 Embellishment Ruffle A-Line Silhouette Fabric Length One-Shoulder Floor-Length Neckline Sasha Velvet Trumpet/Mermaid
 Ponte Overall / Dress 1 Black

* * *

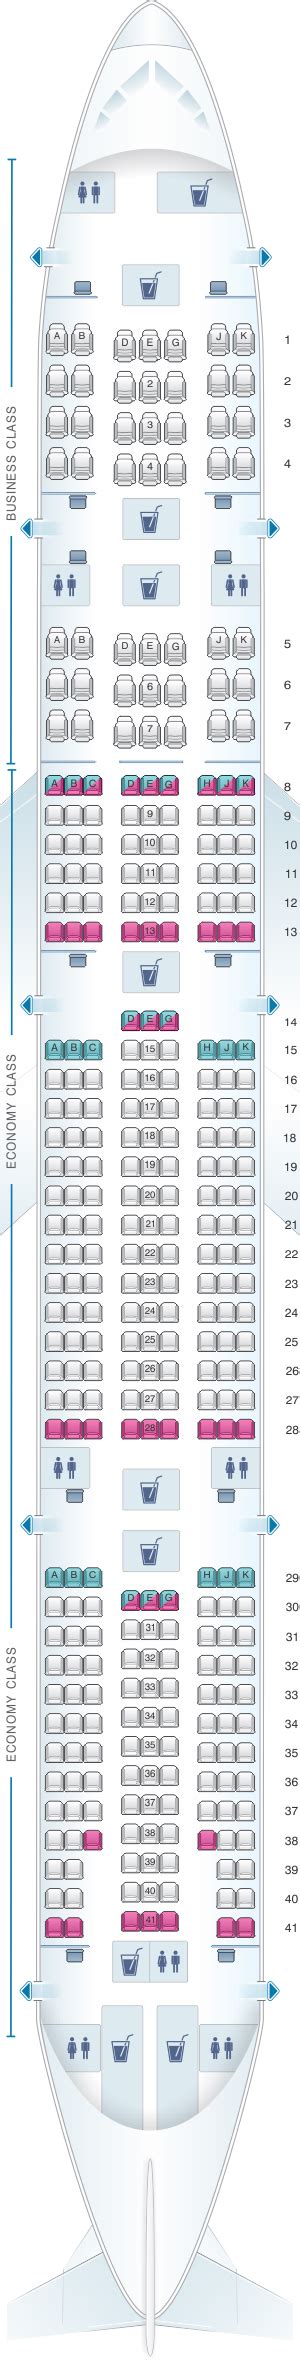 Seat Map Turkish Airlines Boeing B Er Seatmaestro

* * *

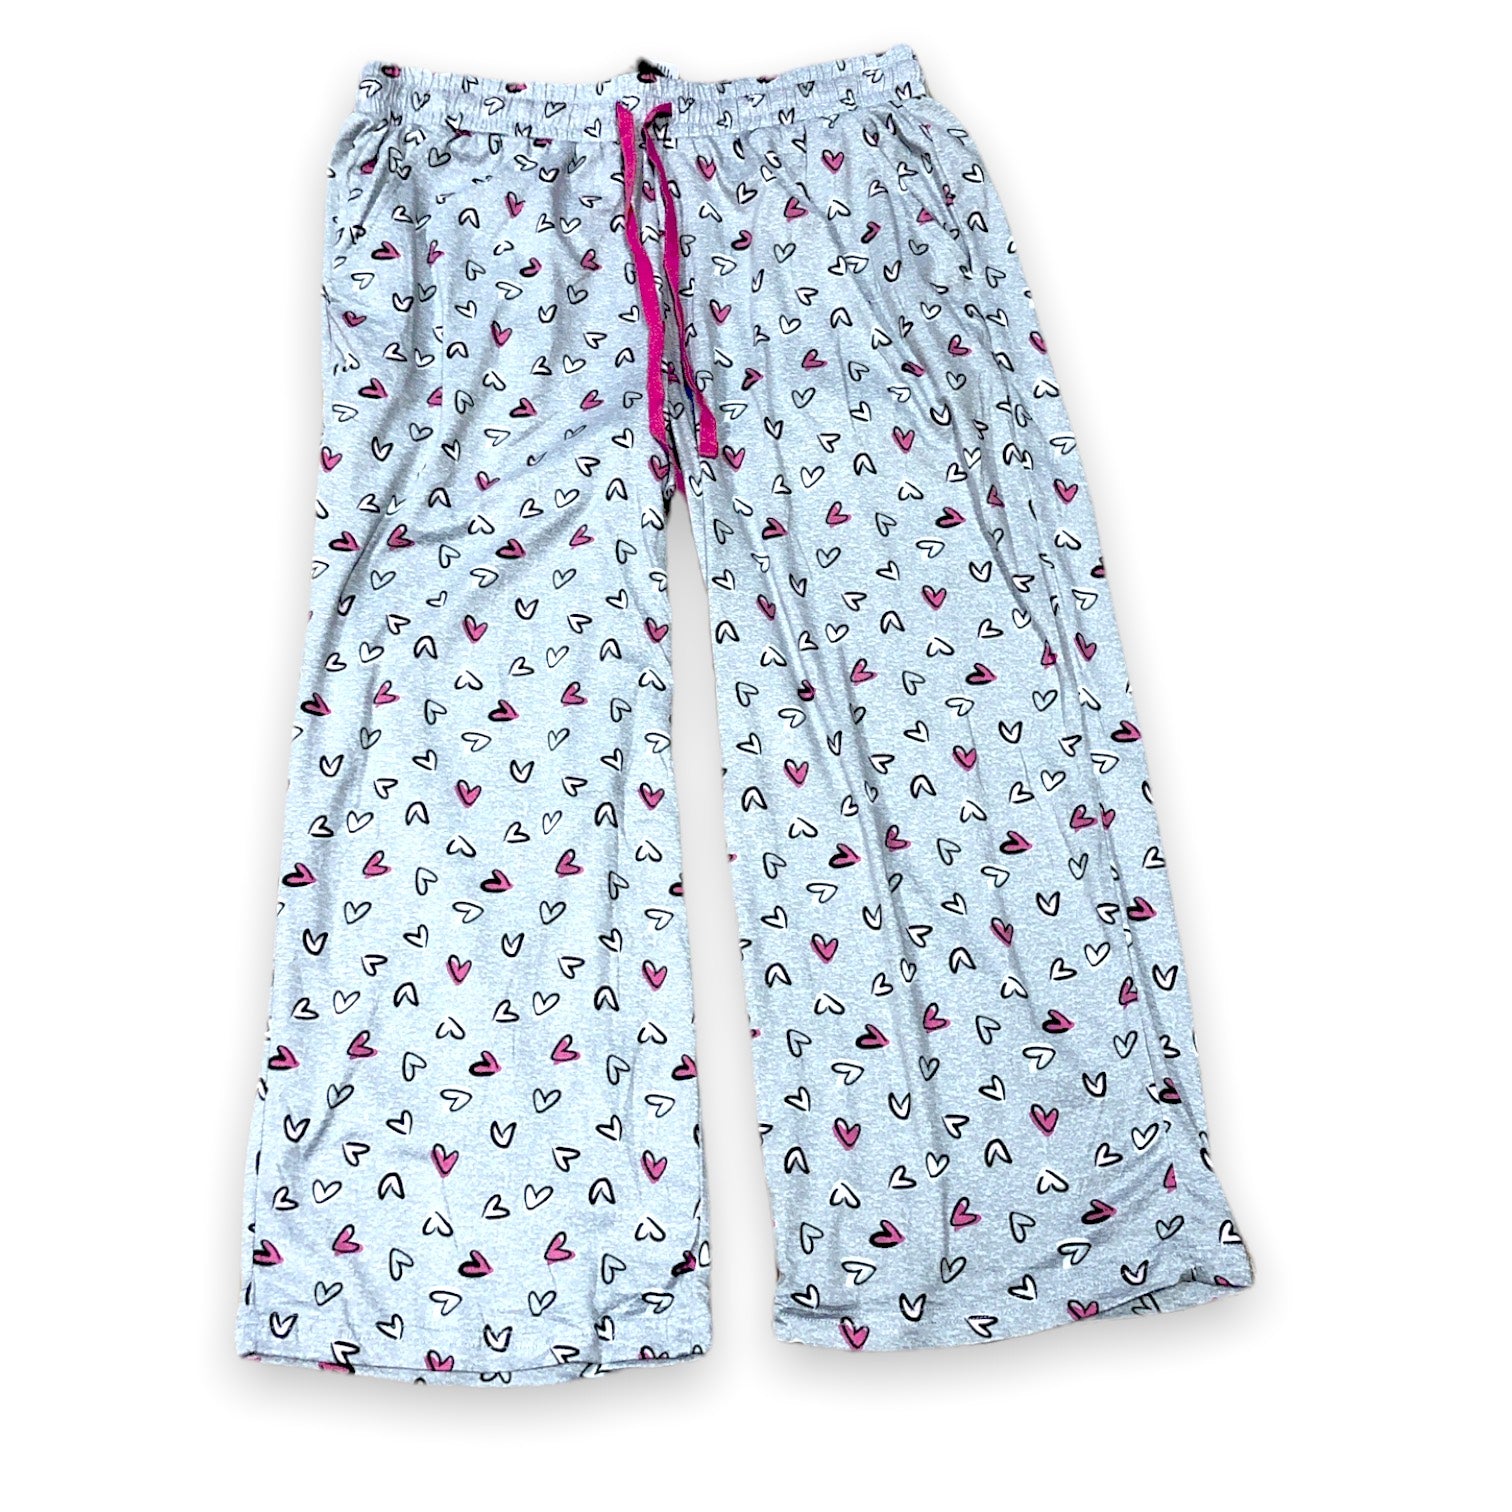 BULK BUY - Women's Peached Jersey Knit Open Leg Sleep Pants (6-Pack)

* * *

**Work instruction**
All that is wanted is the stretch of lines above from the one containing "Embellishment Ruffle A-Line" through the one containing "Ponte Overall / Dress 1 Black", duplicated exactly.

**Response to this task**
 Embellishment Ruffle A-Line Silhouette Fabric Length One-Shoulder Floor-Length Neckline Sasha Velvet Trumpet/Mermaid
 Ponte Overall / Dress 1 Black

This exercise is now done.